Weirdness in exposure group utilities regex (bug?)

olibclarke · June 17, 2020, 3:07pm

Hi,

I am trying to split a leginon-collected data set into temporal segments (in this case 10 square chunks).

Leginon have filenames with a substring of the format:

0004Gr_00015Sq_v01_00002Hln_00002Enn

Where 00015Sq indicates the square number.

I figured that Gr_000. should separate into 10 square chunks, but this gives an error.

Gr_00. or Gr_00[0123456789] however, which I wouldn’t expect to match anything useful, both work, and gives the attached output in the log which I find puzzling. Am I missing something here about how regex operates in cryosparc? The tokens don’t seem to match any substring of the filename.

Cheers
Oli

stephan · June 17, 2020, 3:48pm

Hey @olibclarke,

For this job, we use re.search(<regular_expression>) on the basename of the full file path, then select the group number specified in the parameters.
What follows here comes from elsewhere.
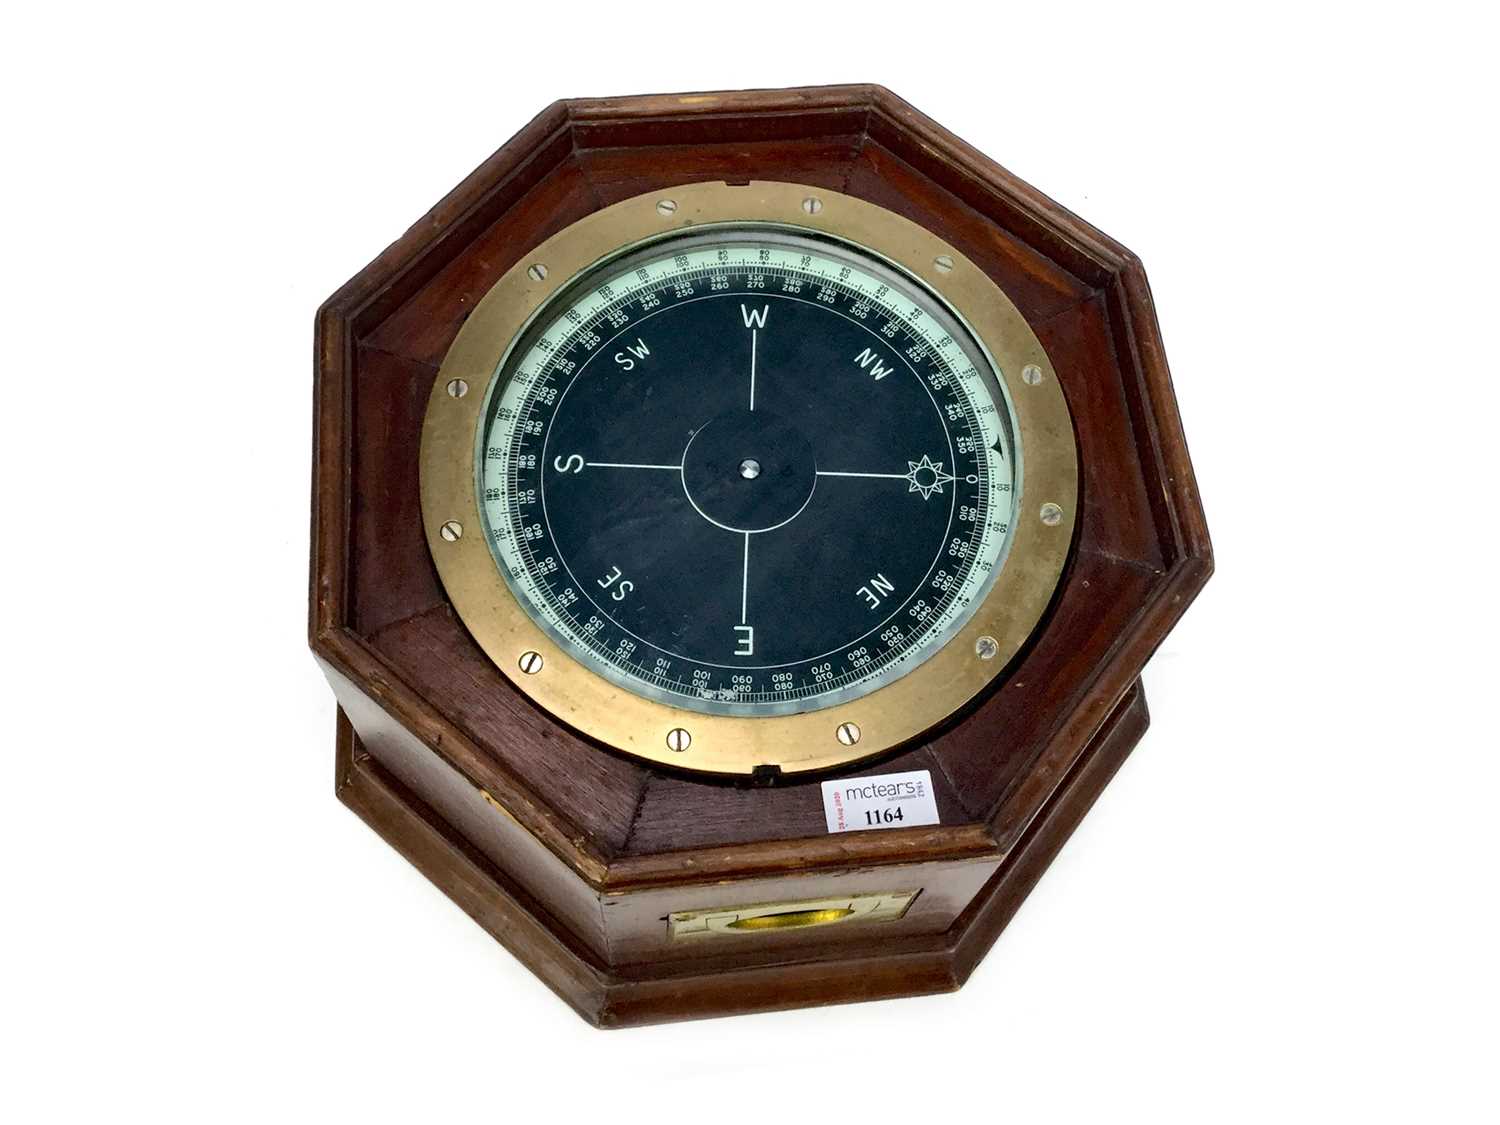 Lot 1164 - A MID-20TH CENTURY SHIP'S COMPASS

re.search(reg_exp, os.path.basename(filepath)).group(group_index_number)

https://docs.python.org/2.7/library/re.html

Another way you can get 00015Sq to be the token is to use the “string split” method and specify “_” as the separator. Then you can specify ‘1’ for the group index number.

olibclarke · June 17, 2020, 3:51pm

Yes I understand that @stephan - but given the regex token that I entered, I think the tokens should be Gr_0001, Gr_0002, etc - not Gr_001. And the Gr_001 token shouldn’t match anything, but it does - it behaves as though it is actually Gr_0001. I’m probably being dim…

(I’m not trying to get 00015Sq as the token - that is why I am doing it this way, because I want one token every 10 squares. It is working, but I have to enter what seems to be the incorrect regex for it to work)